How serious is the threat? Serious enough for top-ranking executives to publicly state their concerns on whether all of today's competitors in Europe will be alive in the future.

"It is unclear if all carmakers will survive without government help," Volkswagen Group CFO Hans Dieter Poetsch said last month. "Carmakers in southern Europe that produce small cars will be especially affected."

Renault-Nissan CEO Carlos Ghosn said he is sure Europe will rebound but that some automakers will not be around once the tough times have passed. Separately, Ghosn warned that Renault would need to close a plant -- or plants -- in France if the country does not become more globally competitive.
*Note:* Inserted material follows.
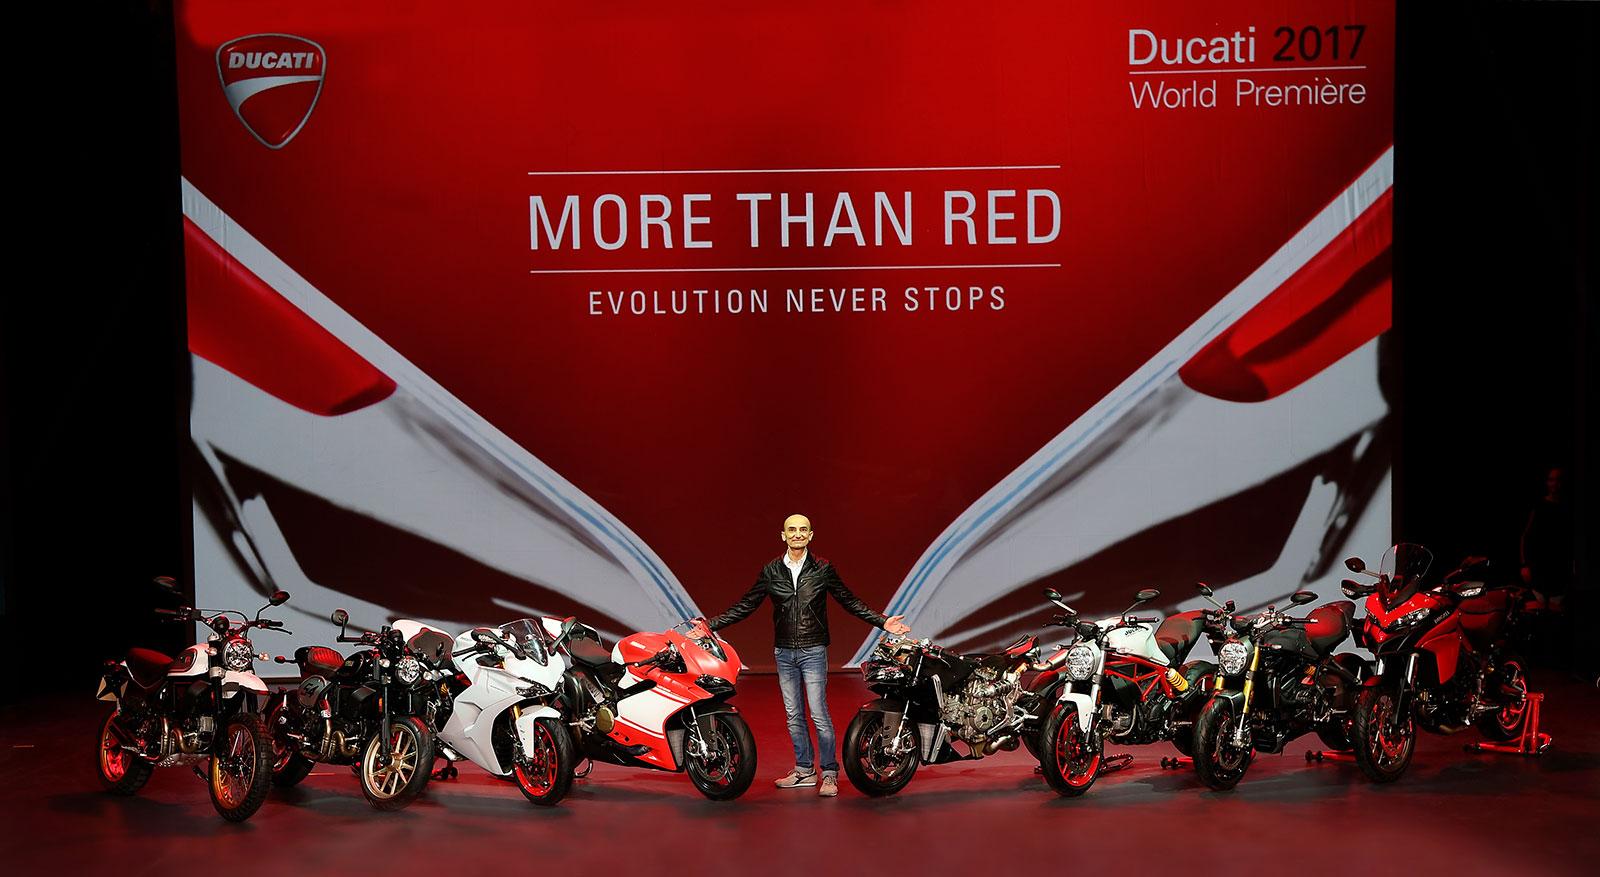 Ducati – World Première

General Motors and PSA Peugeot Citroen are considering combining GM's money-losing Opel/Vauxhall unit with PSA's automotive operations in a joint venture, according to media reports. The proposal shows how the slumping European car market is likely to reshape the region's auto industry.

PSA announced earlier this year it will shut down a factory near Paris in 2014 and will cut its work force at a second French plant. Opel does not expect to continue output at its plant in Bochum, Germany, beyond 2016.

Ford is "most likely" to close its assembly plant in Genk, Belgium, Colin Langan, an analyst at UBS Investment Research, wrote in a Sept. 17 report. Shutting the Genk plant would result in potential annual savings of about $500 million and may be completed by the end of 2013, he wrote. Ford of Europe communications director John Gardiner said the company would not comment on Genk's future. He said Ford "will continue to implement our plan to match production to demand."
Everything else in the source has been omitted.